------ Data provided
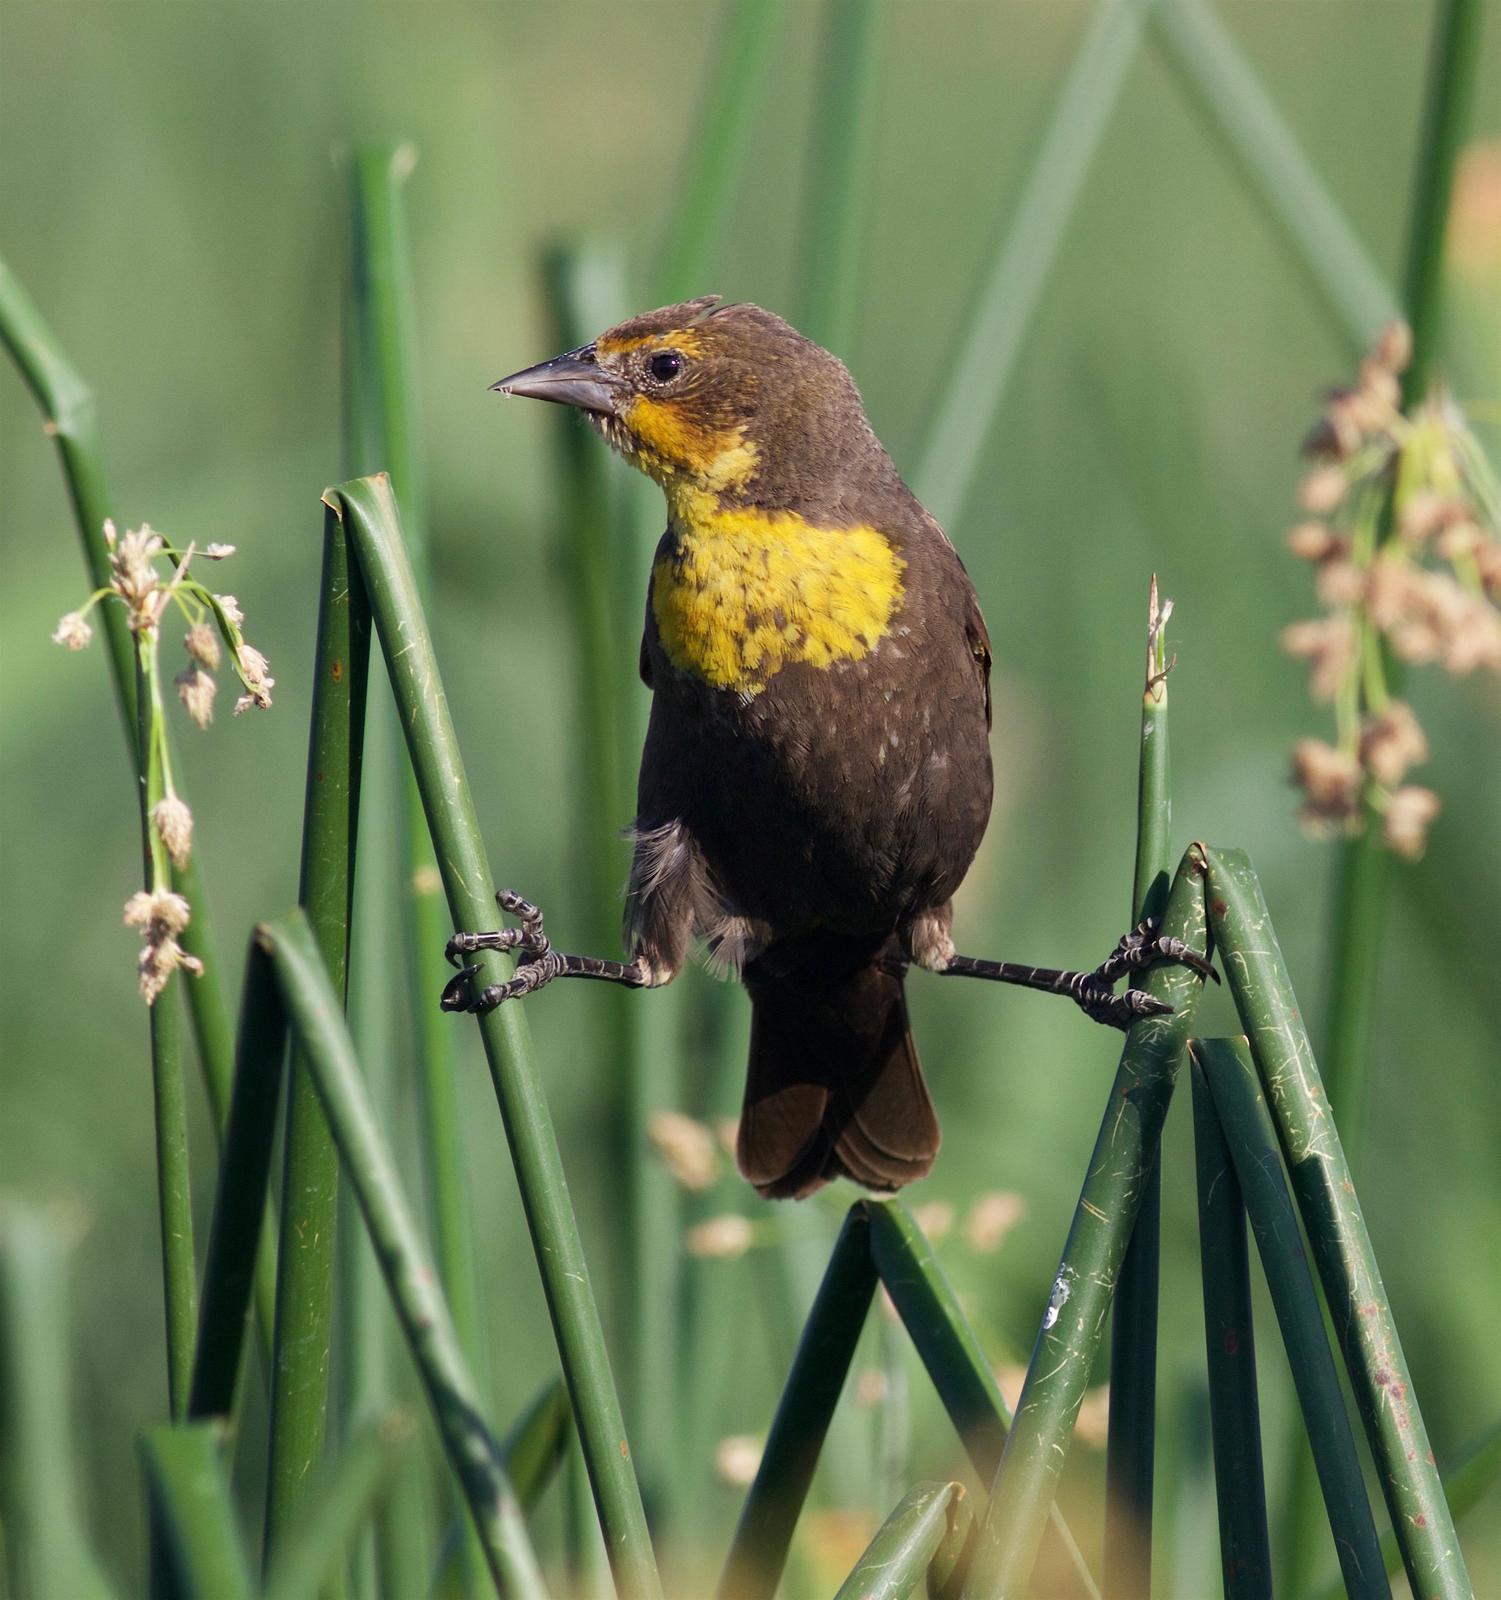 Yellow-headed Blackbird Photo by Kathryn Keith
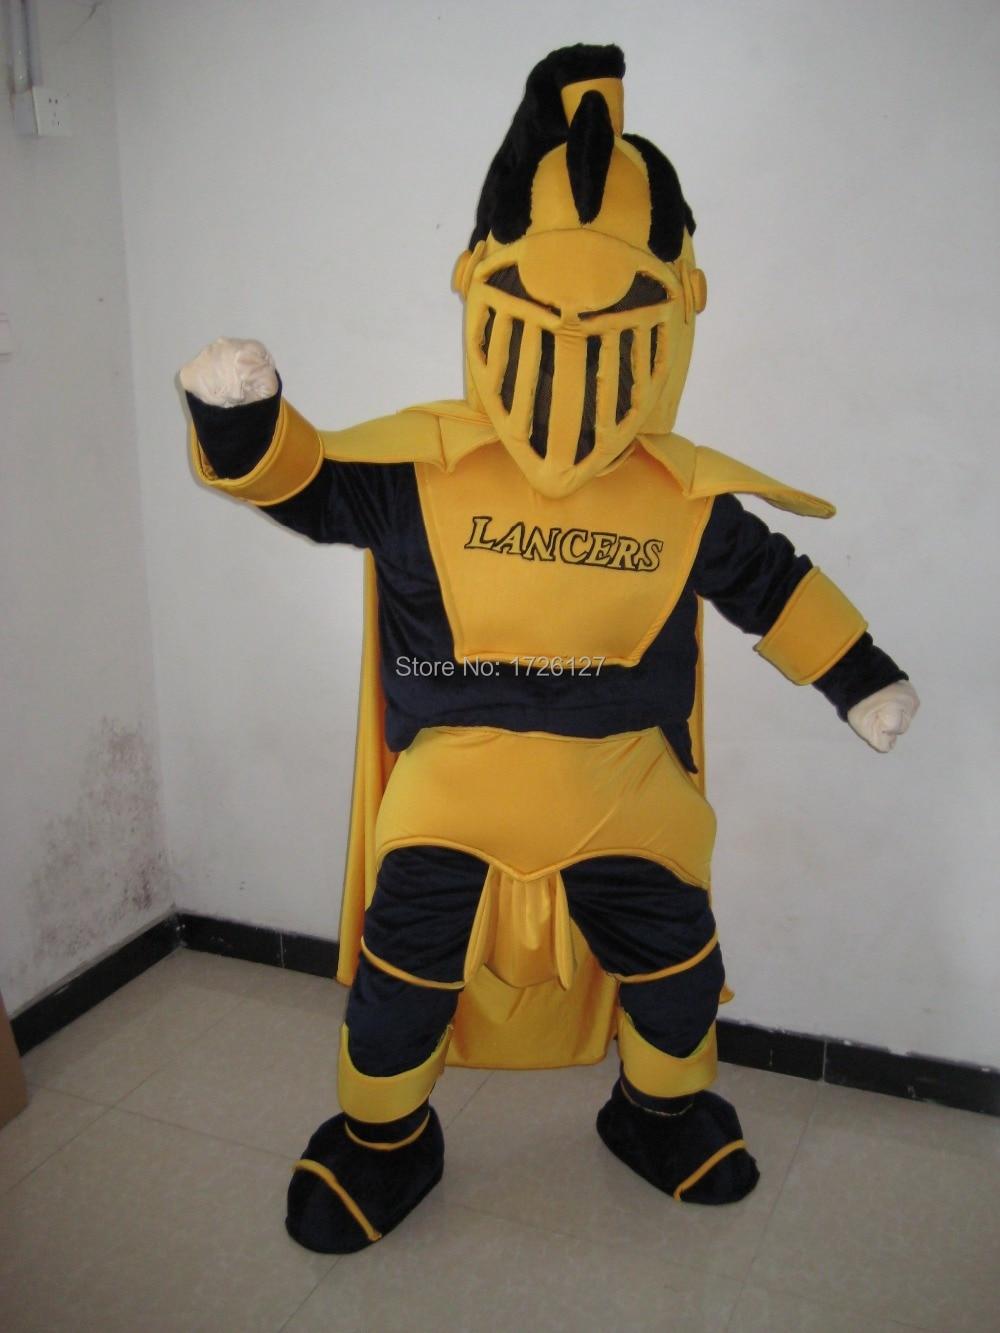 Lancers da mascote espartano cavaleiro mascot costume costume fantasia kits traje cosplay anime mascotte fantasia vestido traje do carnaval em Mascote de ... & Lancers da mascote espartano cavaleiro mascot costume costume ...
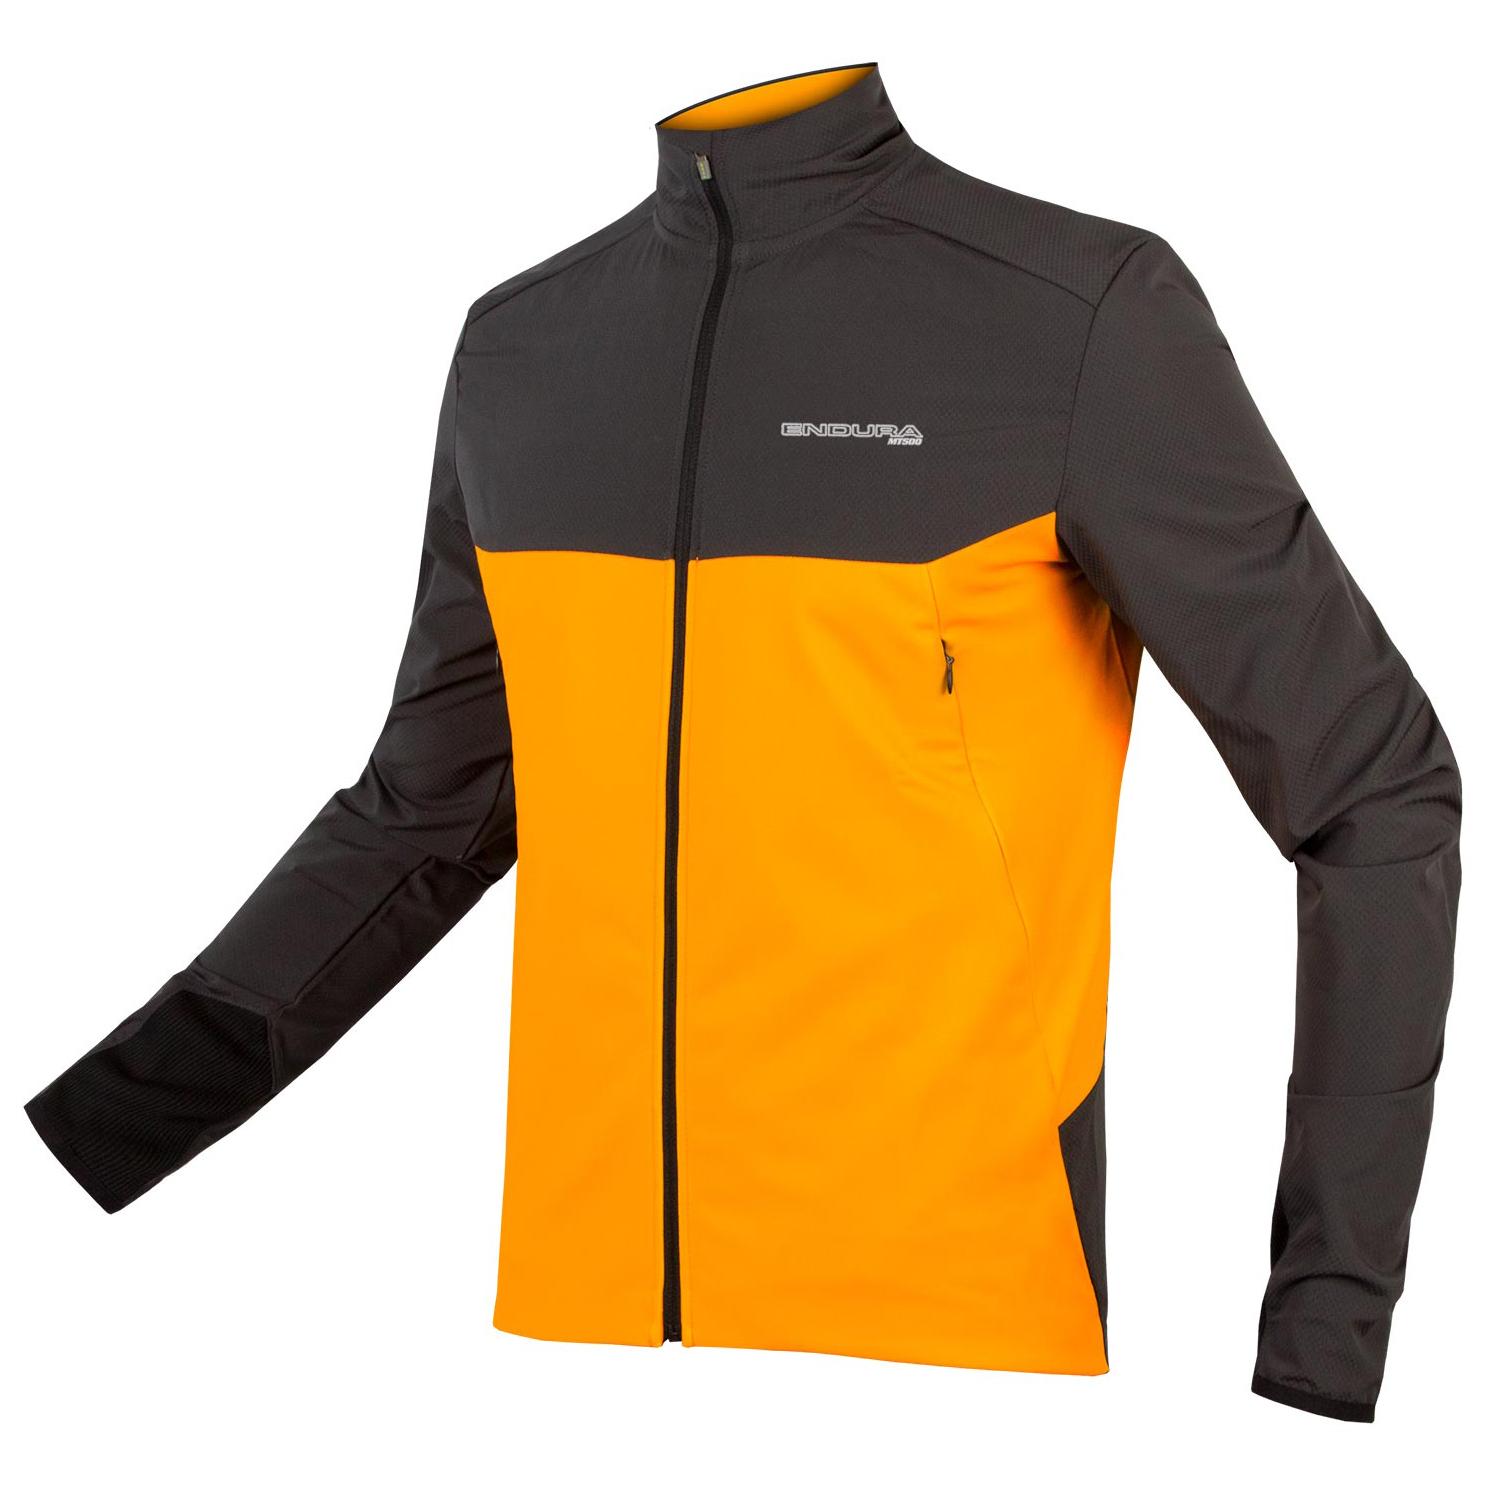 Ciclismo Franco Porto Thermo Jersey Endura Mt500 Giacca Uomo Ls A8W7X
------------
→ **Problem description**
Please reproduce each line of the listing above exactly, skipping pictures.

→ **Problem solution**
 Yellow-headed Blackbird Photo by Kathryn Keith
 Lancers da mascote espartano cavaleiro mascot costume costume fantasia kits traje cosplay anime mascotte fantasia vestido traje do carnaval em Mascote de ... & Lancers da mascote espartano cavaleiro mascot costume costume ...
 Ciclismo Franco Porto Thermo Jersey Endura Mt500 Giacca Uomo Ls A8W7X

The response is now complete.